## WHAT THE TASK REQUIRES
With the pictures removed, please write out every line below exactly as given.

## DATA SECTION
BEGIN
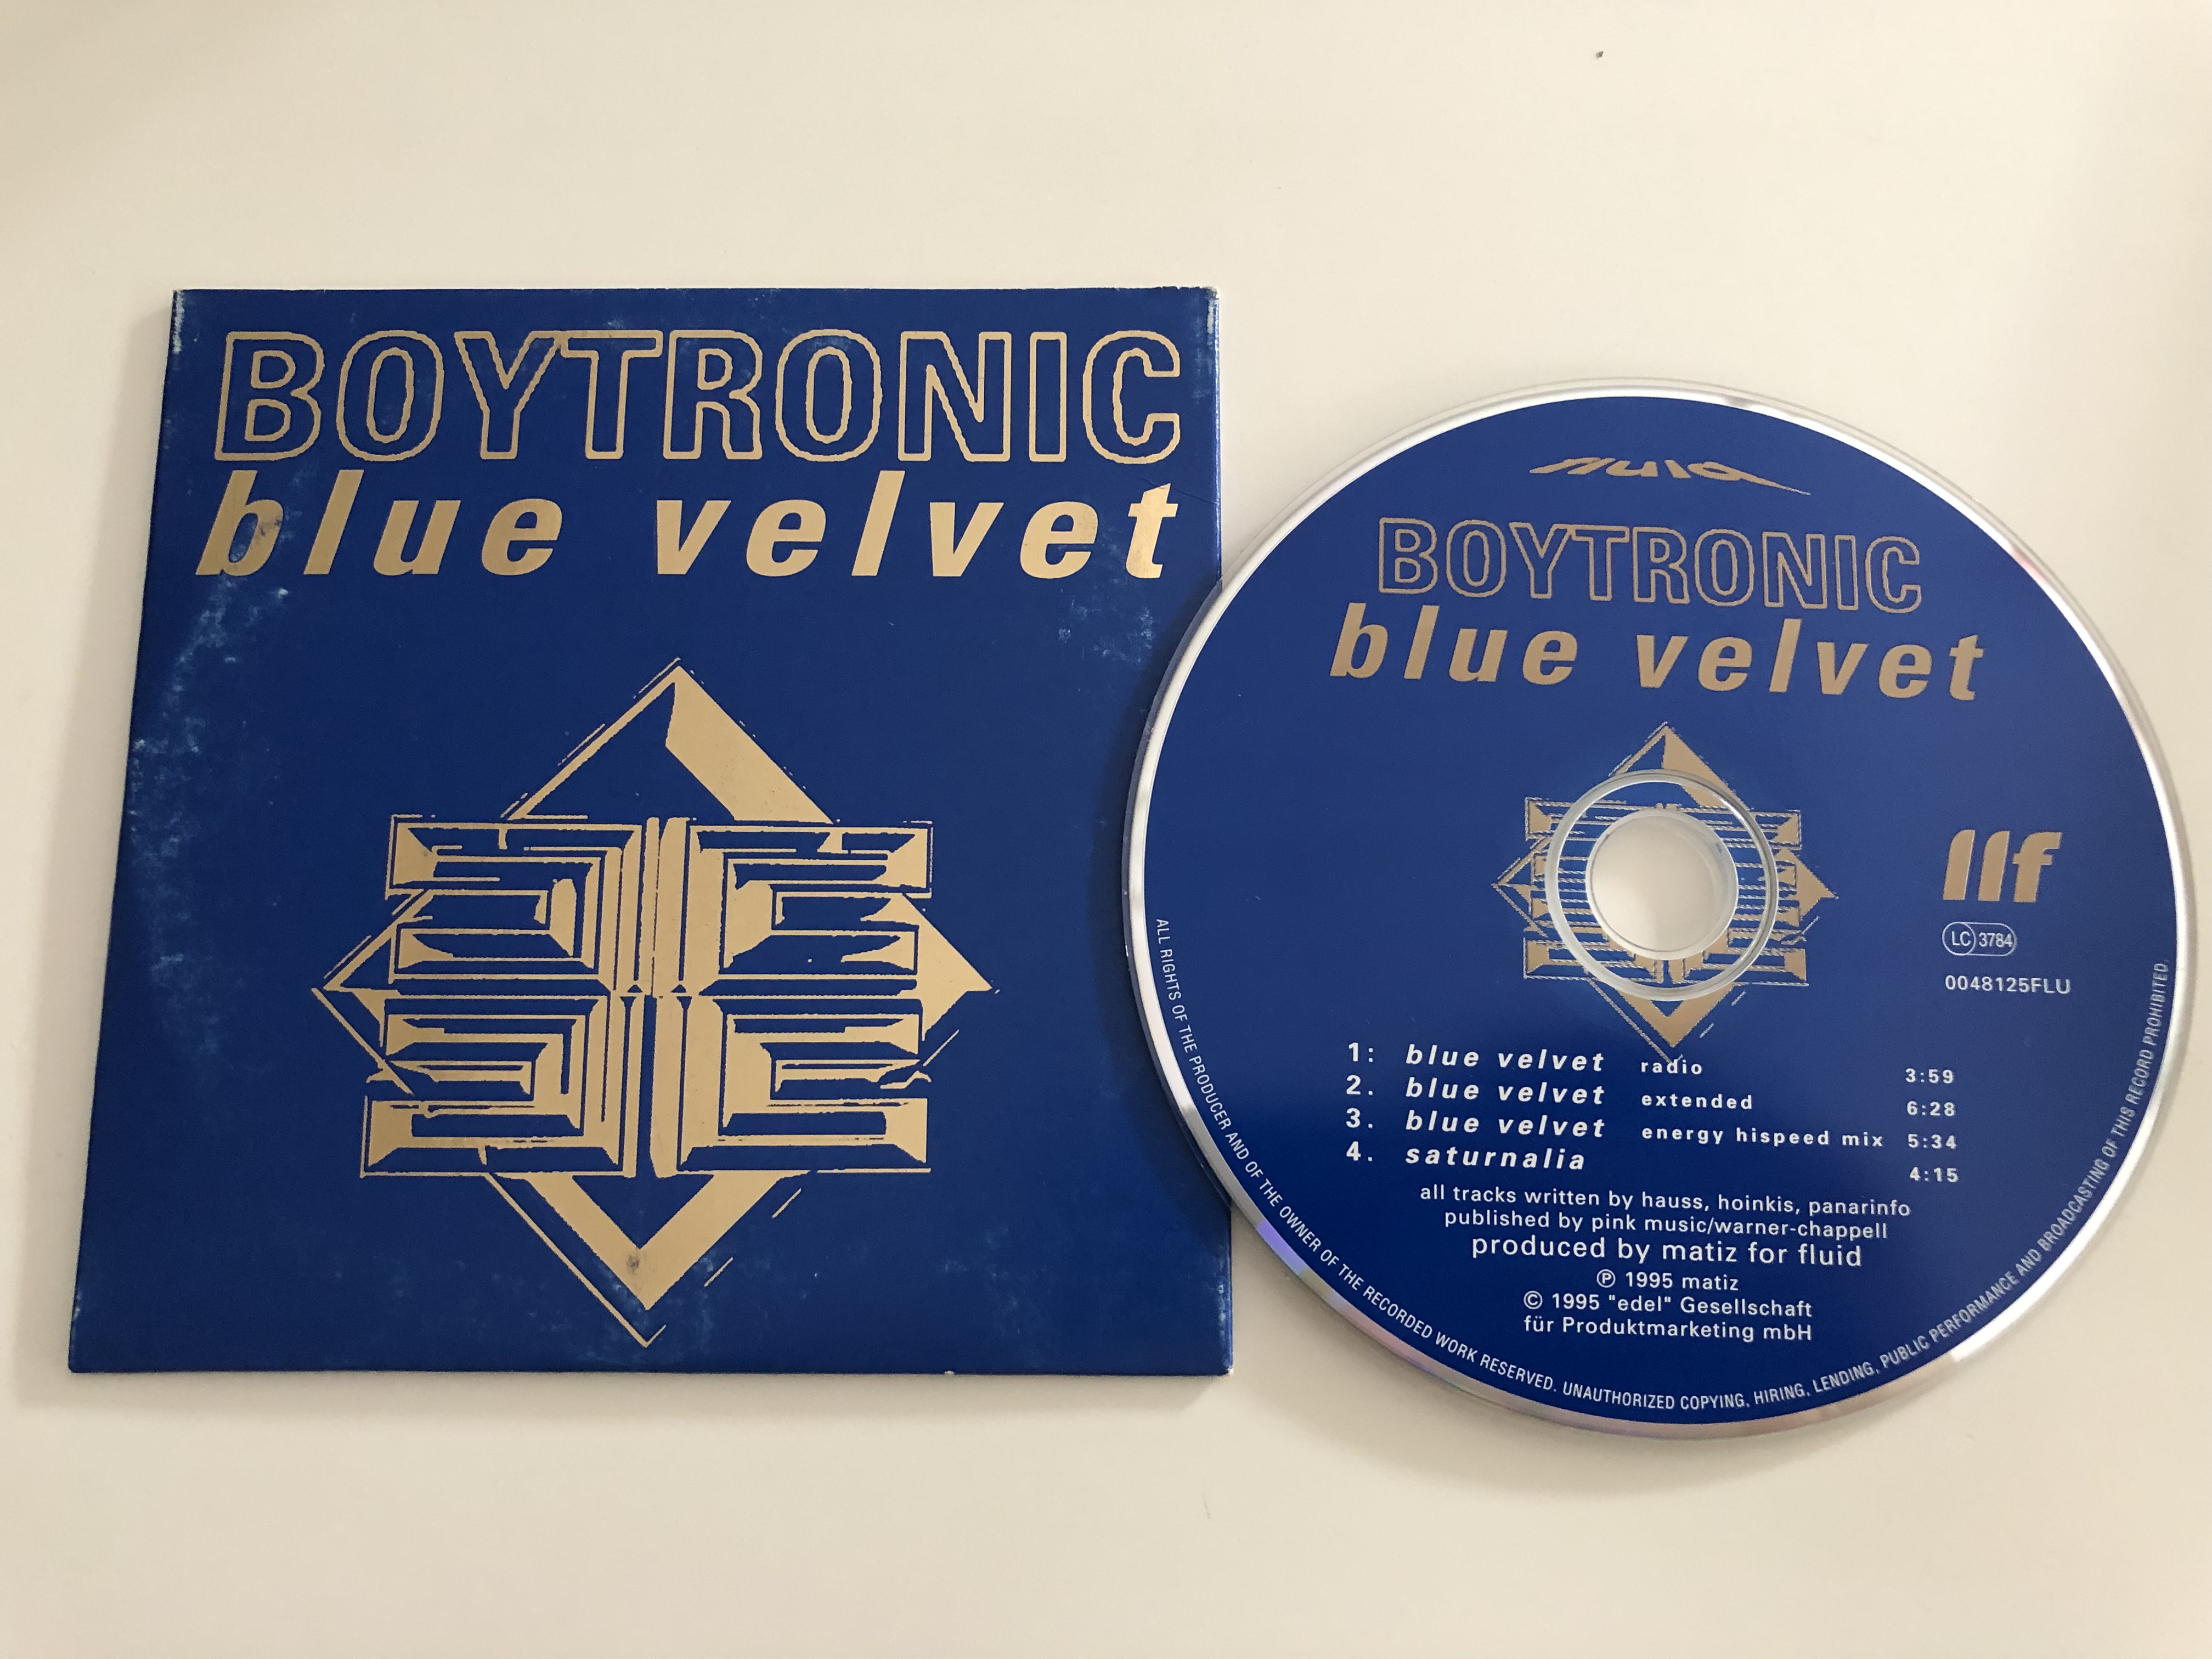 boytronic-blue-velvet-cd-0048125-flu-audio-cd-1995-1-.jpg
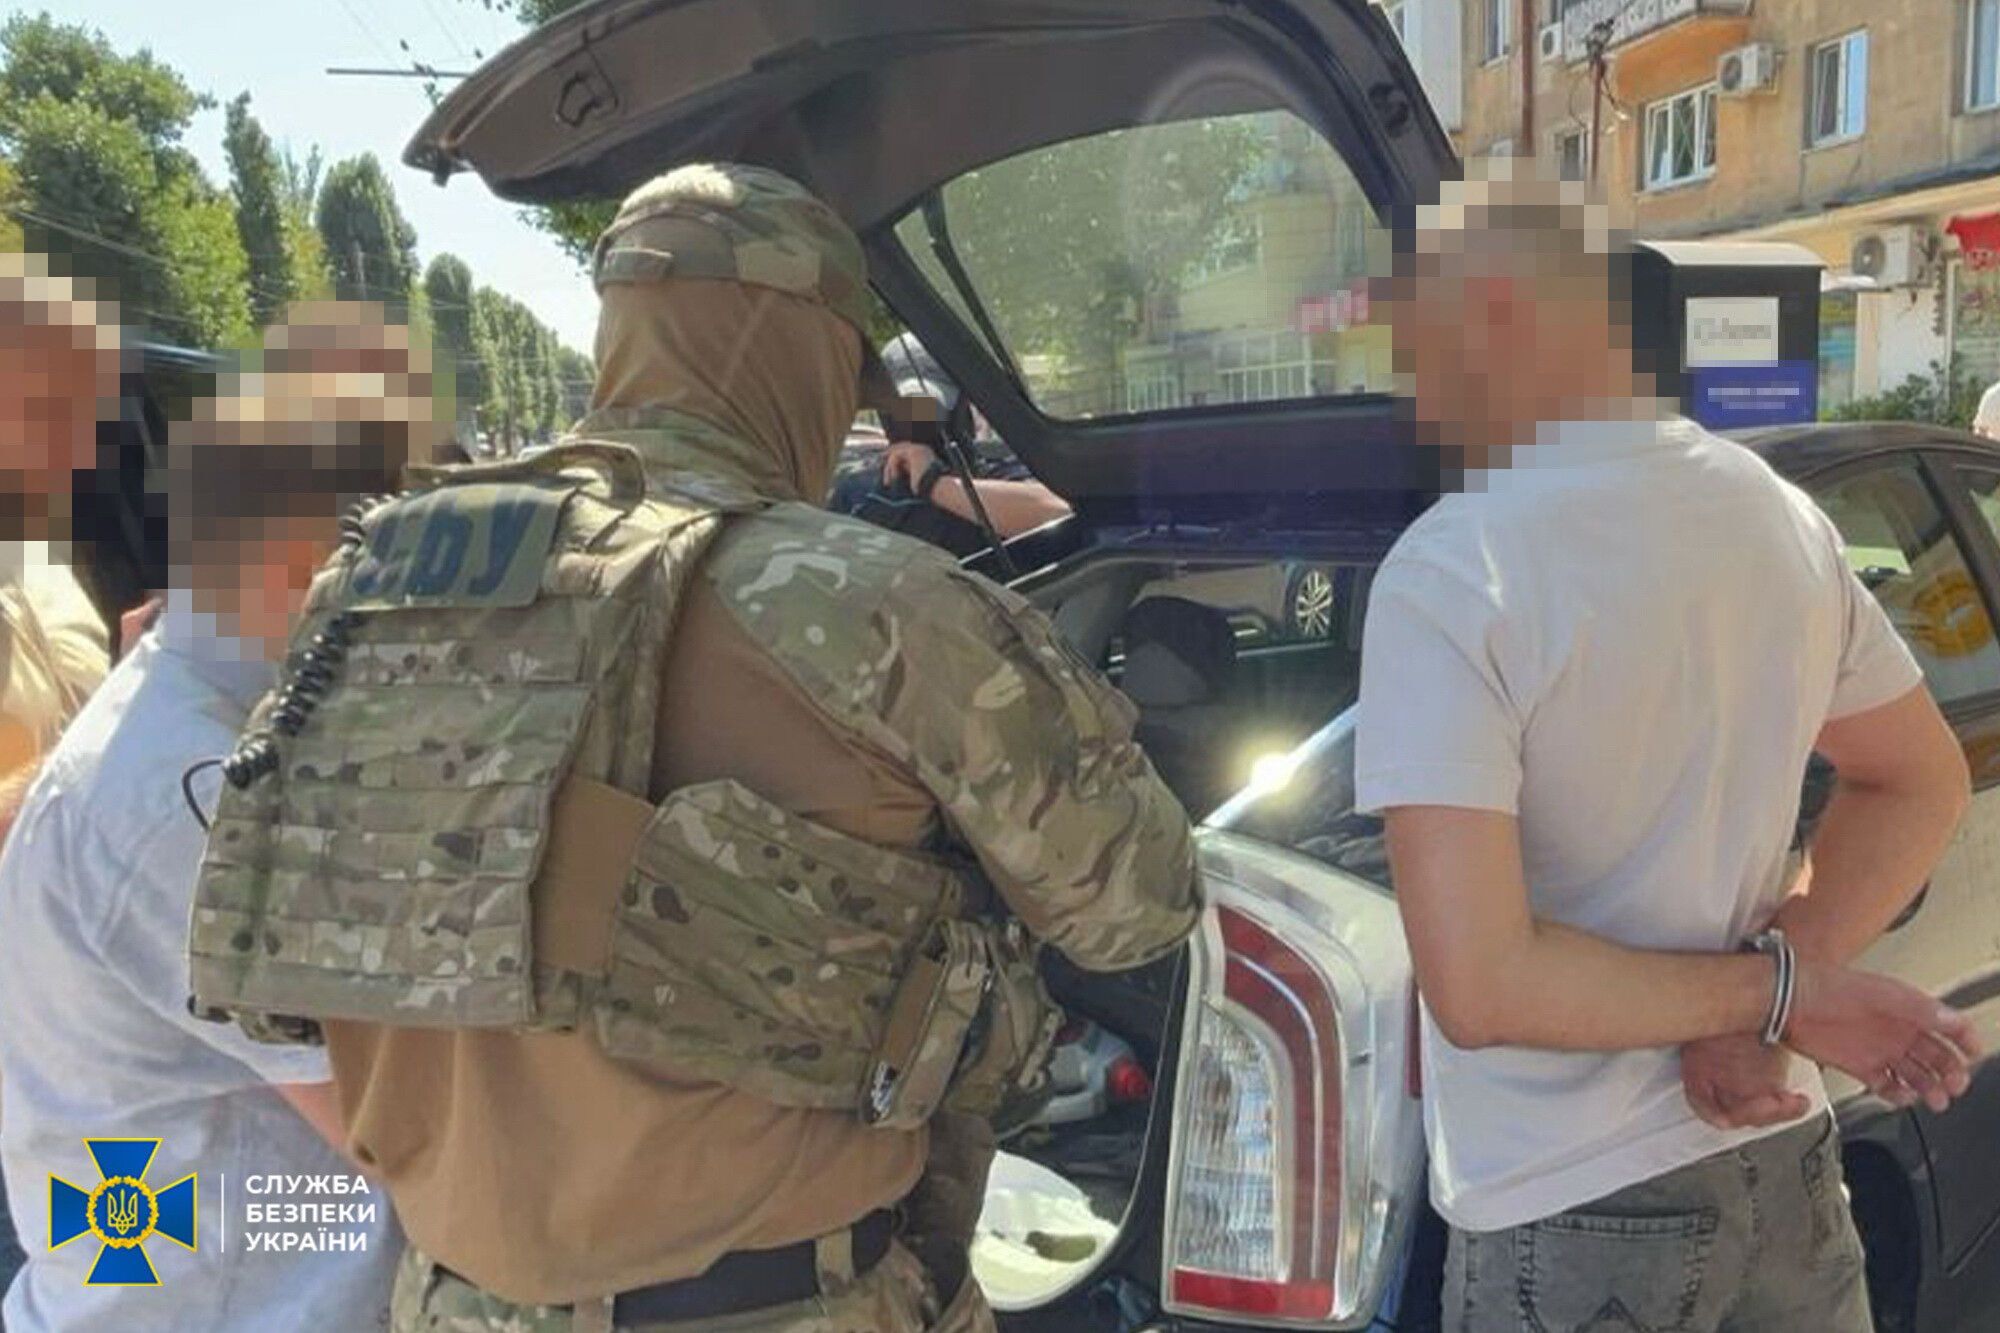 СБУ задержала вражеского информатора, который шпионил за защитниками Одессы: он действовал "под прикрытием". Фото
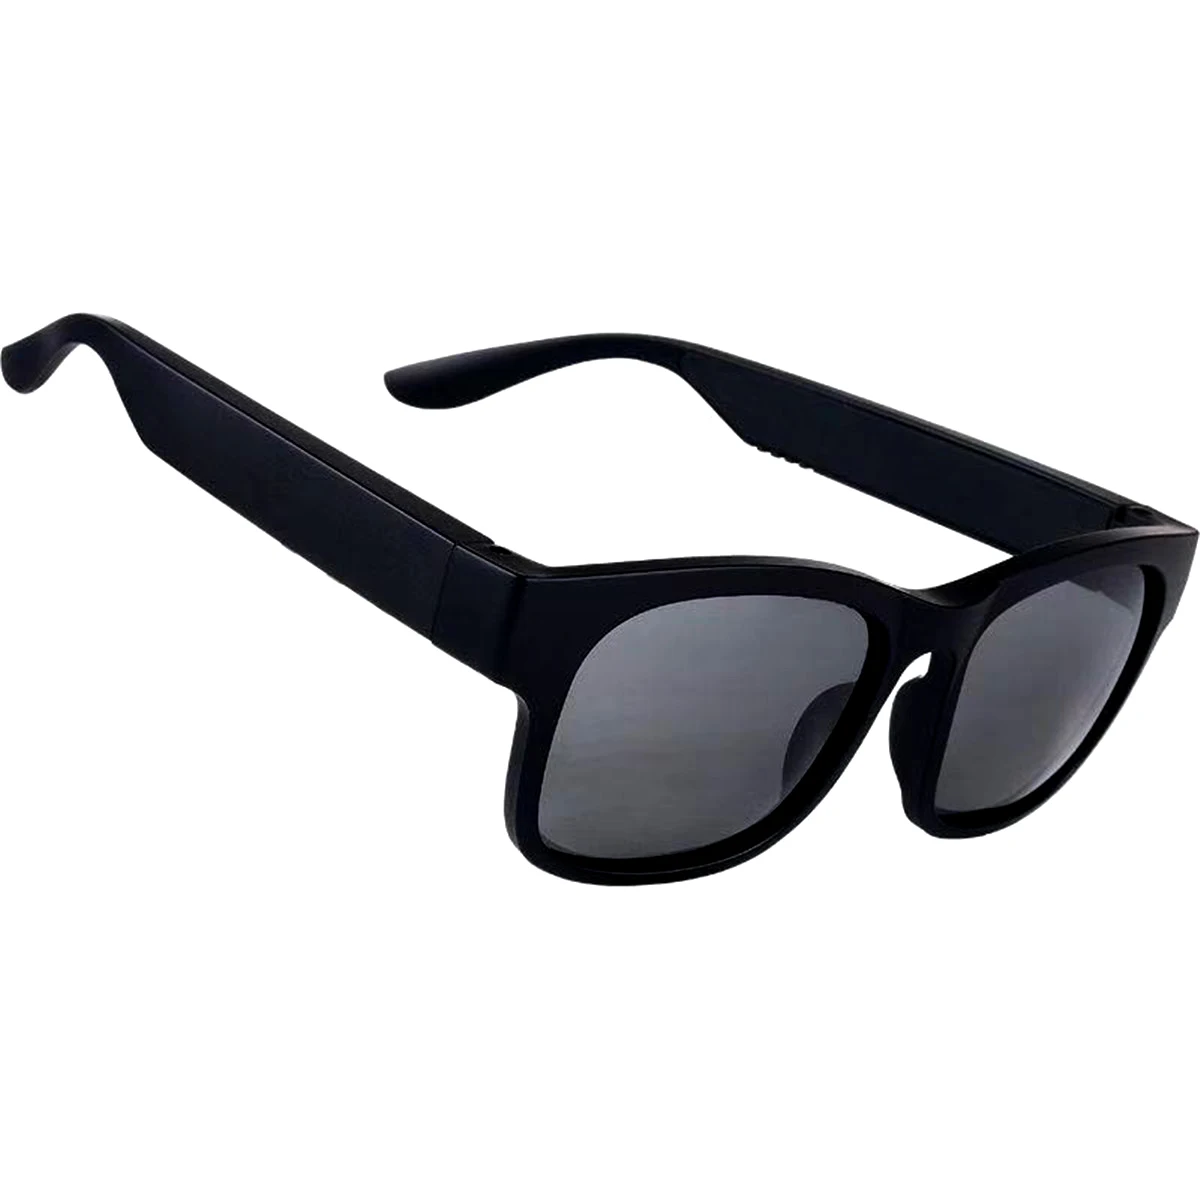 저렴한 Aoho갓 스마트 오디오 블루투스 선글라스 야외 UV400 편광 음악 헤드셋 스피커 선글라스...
END
## SOLVED PROBLEM
 boytronic-blue-velvet-cd-0048125-flu-audio-cd-1995-1-.jpg
 СБУ задержала вражеского информатора, который шпионил за защитниками Одессы: он действовал "под прикрытием". Фото
 저렴한 Aoho갓 스마트 오디오 블루투스 선글라스 야외 UV400 편광 음악 헤드셋 스피커 선글라스...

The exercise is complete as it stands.